Total HMBS payoff speeds in February were a tad slower than those in January; Mandatory Purchases and natural payoffs were approximately 9.2% and 6.5% per annum, respectively. February payoffs totaled about $792 million compared to January’s $814 million. Outstanding HMBS decreased slightly to $58.7 billion.
As mentioned in previous blogs, Ginnie Mae took over RMF’s HMBS portfolio in December 2022. “Ginnie Mae – Reverse Mortgage Funding 42” remains as issuer of record for 4,022 former RMF pools. About $309 million of Issuer 42’s portfolio paid off in February, but Issuer 42 still accounts for $17.7 billion, or about 30% of all outstanding HMBS. Issuer 42 has not issued any tail pools; we estimate Issuer 42 now has well over $1 billion uncertificated position, that is, the excess of their portfolio’s HECM asset balance over the balance of their HMBS liability.
When a HECM loan balance reaches 98% of its MCA, the HMBS issuer is required to buy the loans out of the HMBS pool, and then may assign the loan to HUD if the loan is not in default. This is effectively a prepayment event for the HMBS investor, even though the underlying HECM loan remains outstanding. According to our friends at Recursion, 59% of HMBS payoffs last month were due to Mandatory Purchase, totaling about $463 million, a significant decrease from last month’s $514 million, dropping below the average for calendar year 2023 ($504 million per month) but remaining above 2022’s $315 million per month.
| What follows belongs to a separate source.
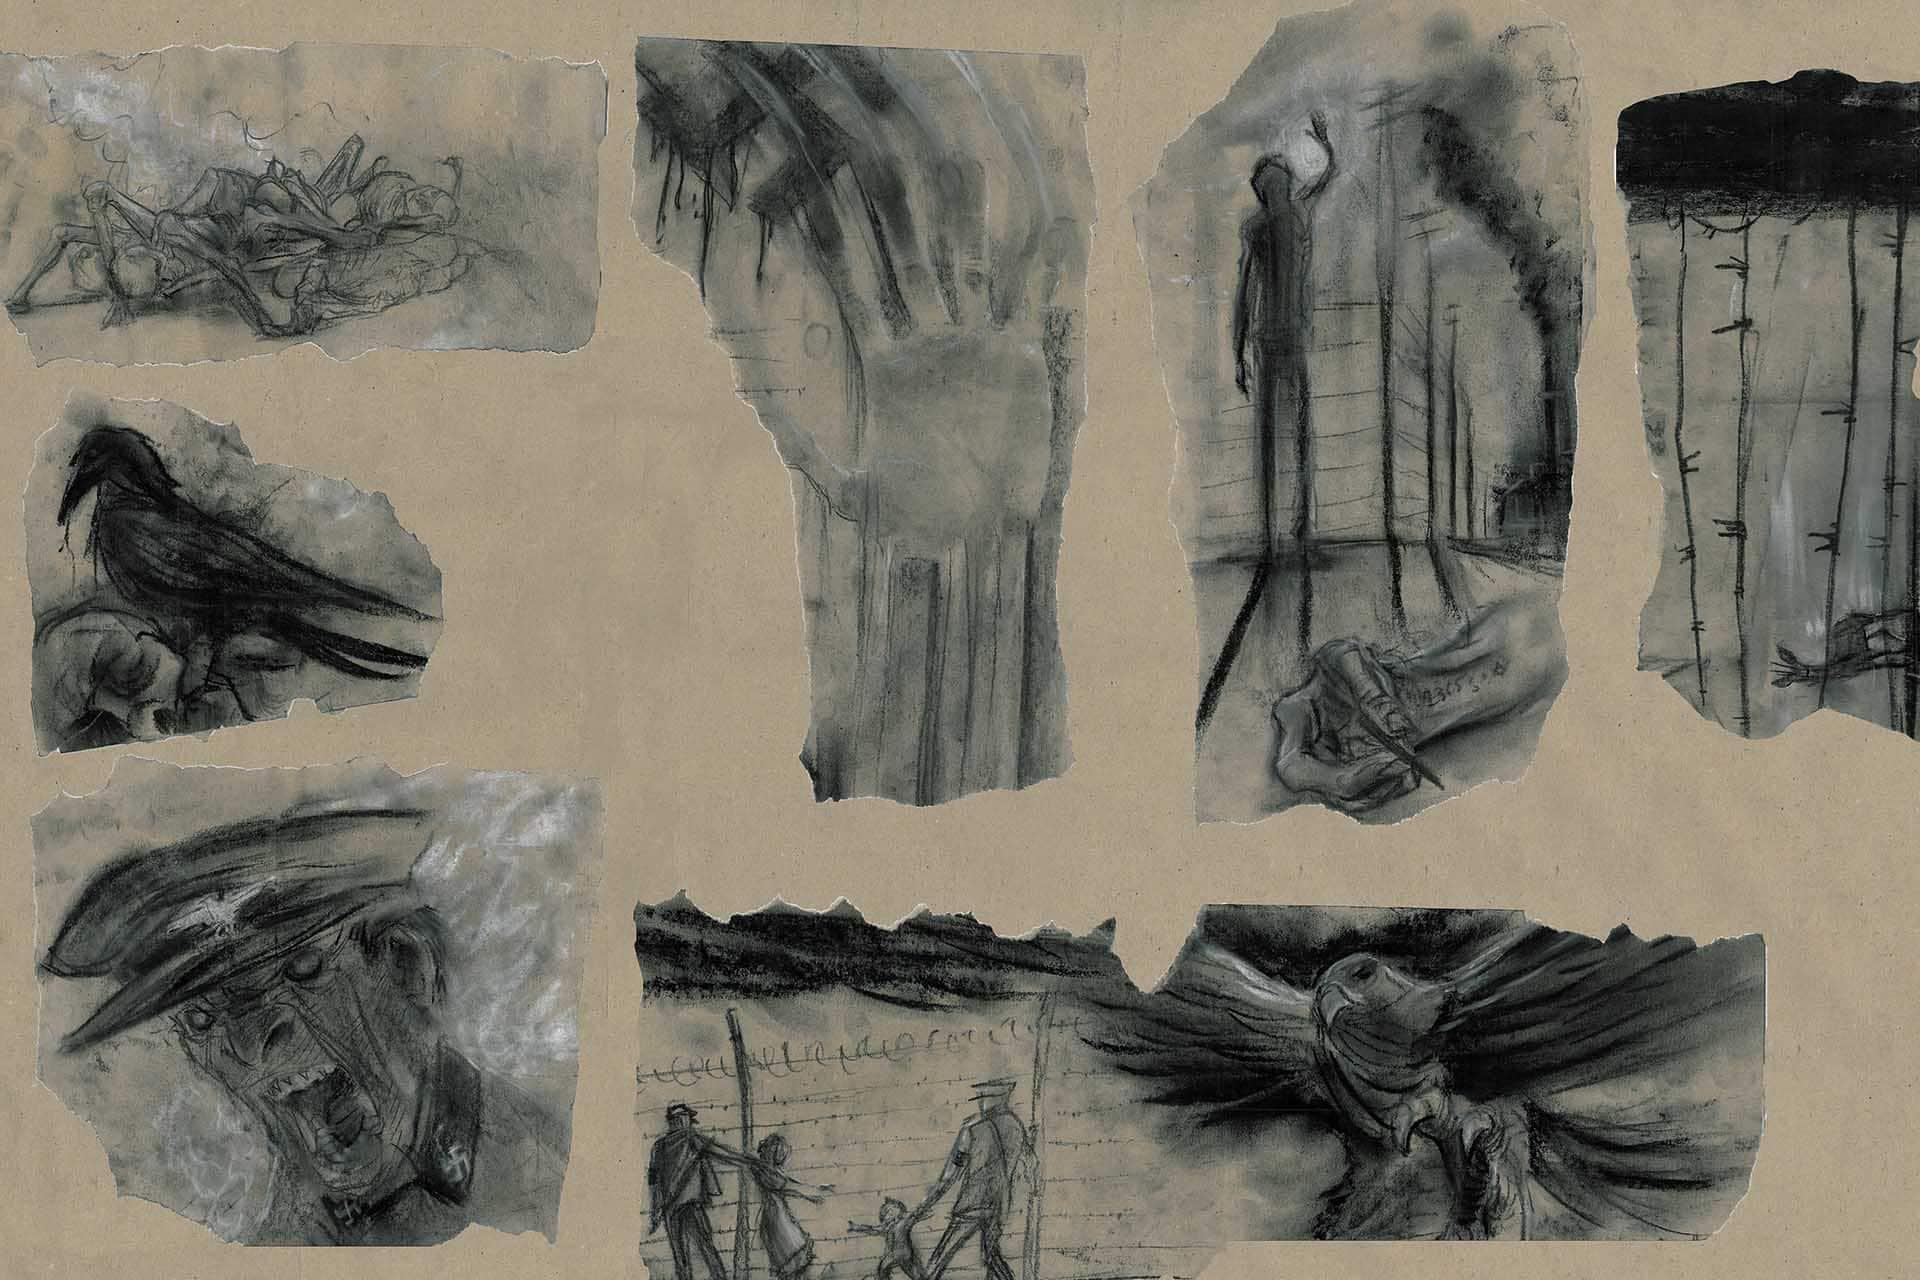 Drawings - Episode 8

Including the Mandatory Purchases, HMBS paid off at a 15.7% annual rate in February, and 17.2% over the last 12 months. Exclusive of Mandatory Purchases, the rate of HMBS payoffs has fallen significantly over the past 12 months. Natural payoffs (those other than Mandatory Purchases) for the 12 month period ending February 30th were 7.4% per annum, compared to 12.3% for the prior 12 month period.
New View Advisors compiled this data from publicly available Ginnie Mae data as well as private sources.